◆ **Task prompt**: Look below for the line with "風の効果音(自然、そよ風、ビル風等)14の未再生の波形". Retype it and every line after it to the end, exactly, but leave out the pictures.

◆ **Data section**:
[Start of section]

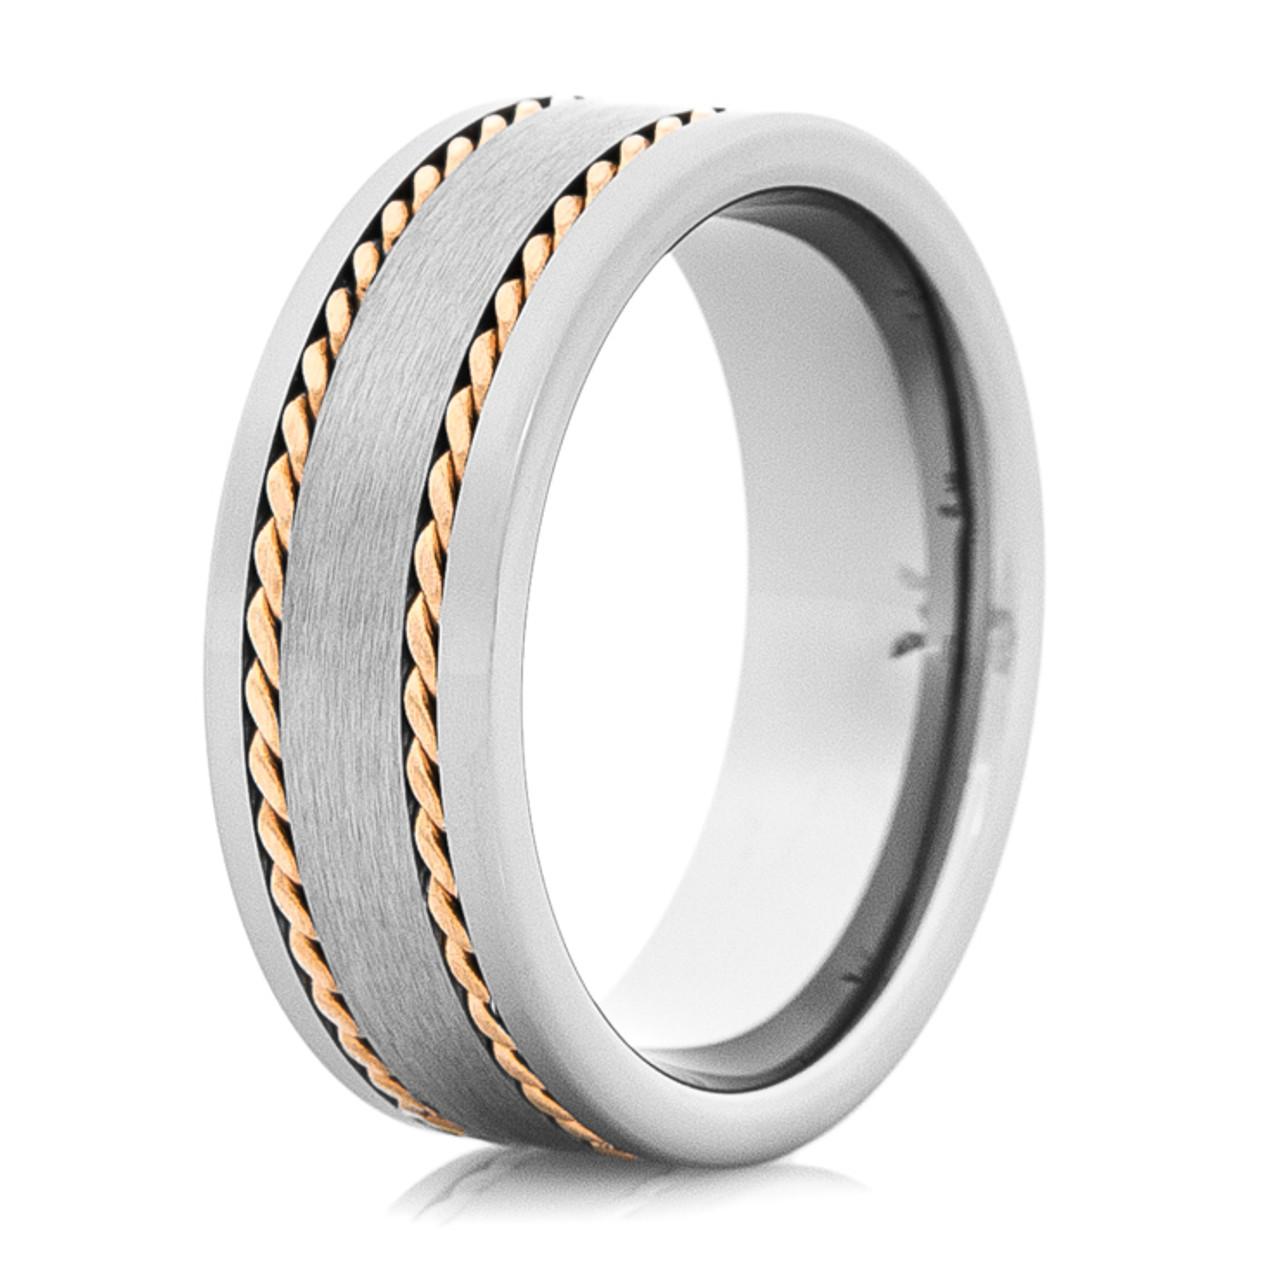 Mens Tungsten Wedding Bands.Men S Tungsten Wedding Band With Dual 14k Rose Gold Braids
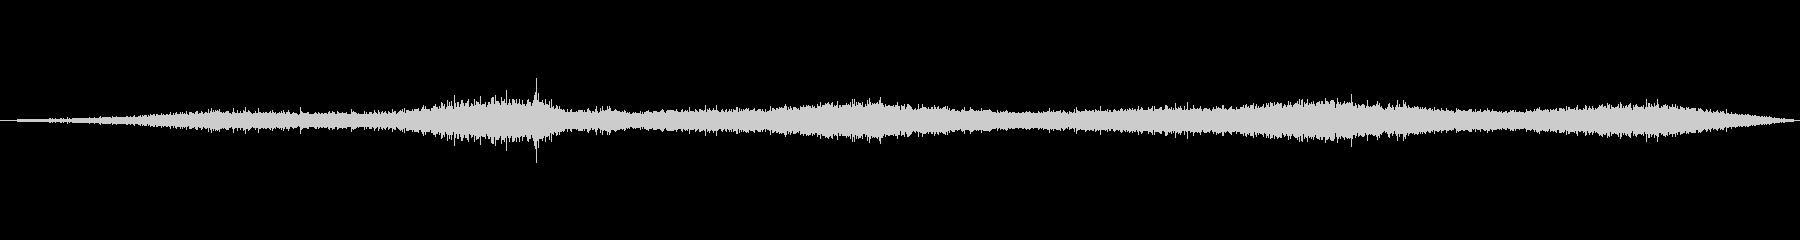 風の効果音(自然、そよ風、ビル風等)14の未再生の波形
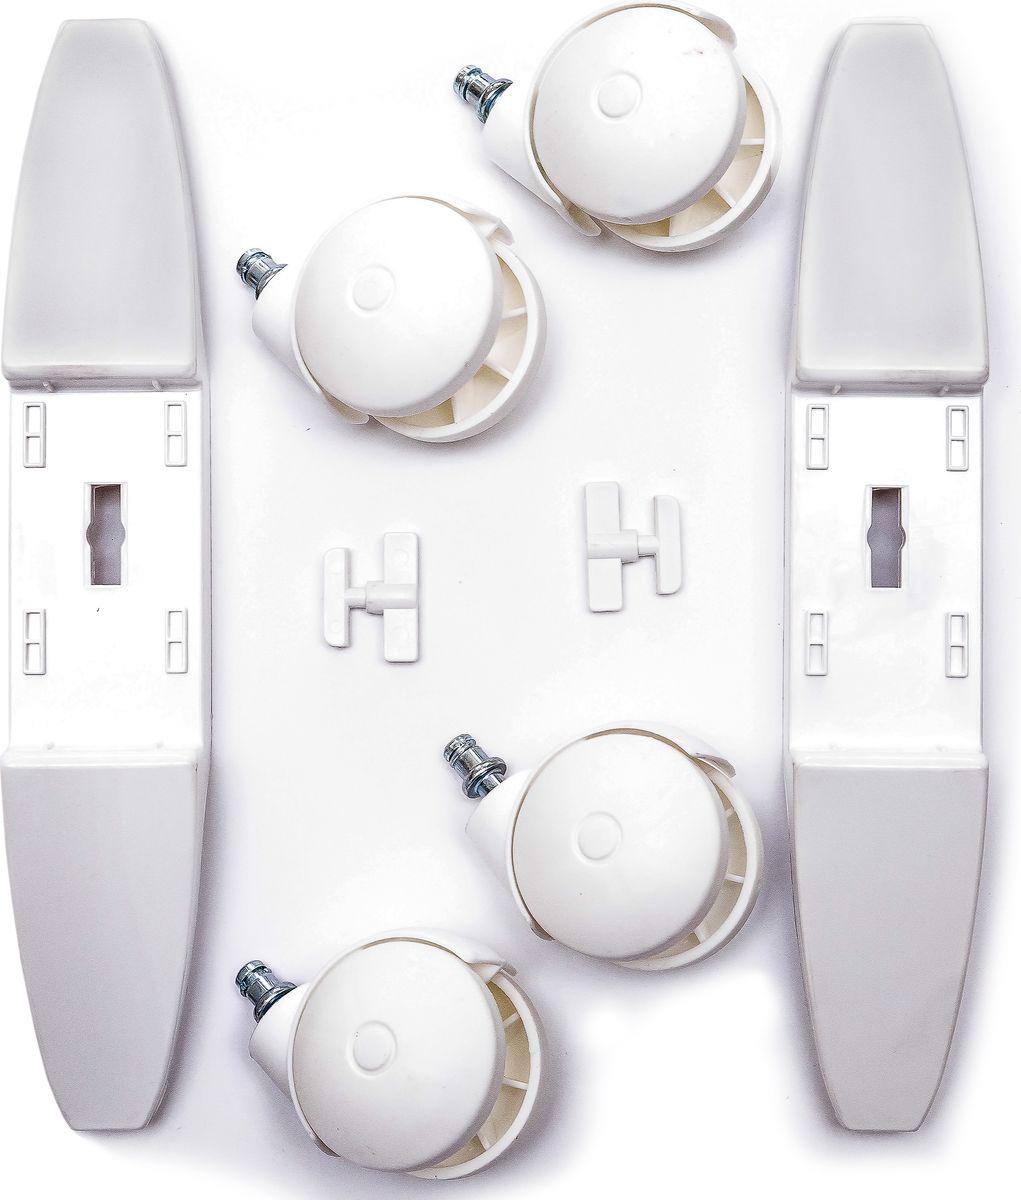 Noirotножки для электрических конвекторов, White 2 шт Noirot

[End of section]

◆ **Reply**:
 風の効果音(自然、そよ風、ビル風等)14の未再生の波形
 Noirotножки для электрических конвекторов, White 2 шт Noirot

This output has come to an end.